Эллери Куин - Кот со многими хвостами. Происхождение зла
Таймс-сквер задыхалась под нависающей над ней светящейся пеленой. В поисках прохлады люди прятались в мюзик-холле Радио-Сити, в капитолии[7], «Парамаунт»[8], букинистическом магазине «Стрэнд» — везде, где можно было надеяться на более низкую температуру.
Иные искали убежище в метро. В спаренных вагонах соединительные двери оставались открытыми, и, когда поезд мчался по туннелю, пассажиров обдавало жарким, но сильным ветром. В этом смысле лучшие места были у передней двери головного вагона, возле кабины машиниста. Здесь люди толпились массами, раскачиваясь с закрытыми от удовольствия глазами.
На Вашингтон-сквер, Пятой авеню, Пятьдесят седьмой улице, Бродвее, Риверсайд-Драйв, Сто десятой улице, в западной части Центрального парка, на Лексингтон-авеню, Мэдисон-авеню автобусы, принимавшие немногих и выпускавшие очень многих пассажиров, словно носились друг за другом во всех направлениях, как кошка за мышью…
Эллери вернулся к письменному столу и закурил сигарету.
«С чего бы я ни начал, — подумал он, — все равно я натыкаюсь на одно и то же. Проклятый Кот становится проблемой».

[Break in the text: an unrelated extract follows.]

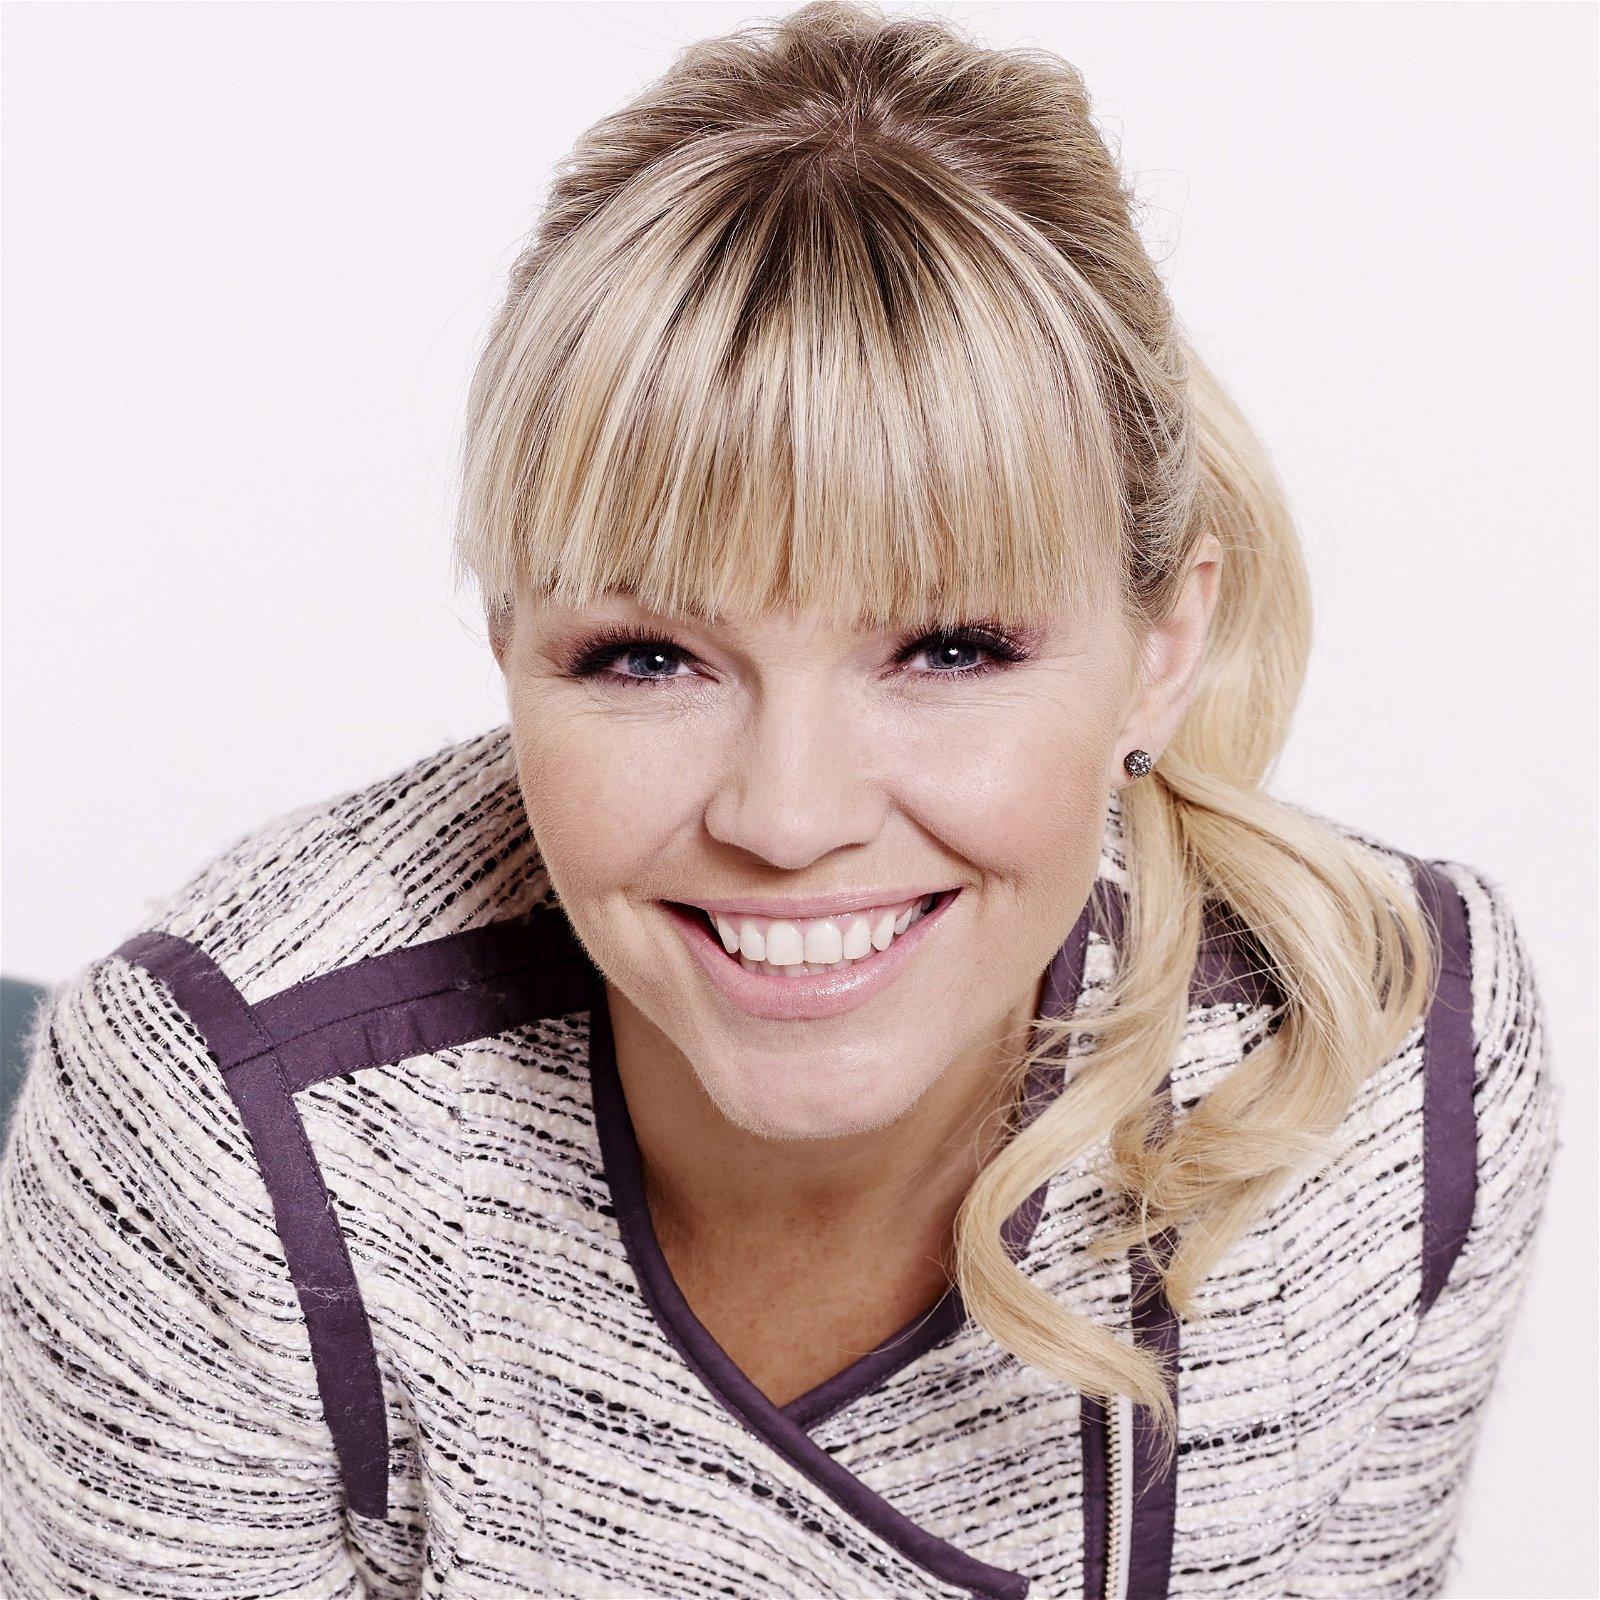 Kate-Thornton-TV-broadcaster-presenter-at-Great-British-Speakers

Эллери провел рукой по потному затылку и стиснул кулаки, призывая на помощь силу воли, чтобы преодолеть искушение.
Он хорошо помнил, как однажды столкнулся с чудовищным коварством и оказался введенным в заблуждение собственной логикой. Испытанное оружие в той истории поразило вместо виновного невинного. Поэтому Эллери отбросил его и взялся за пишущую машинку — как говорил инспектор Квин, заперся в башне из слоновой кости.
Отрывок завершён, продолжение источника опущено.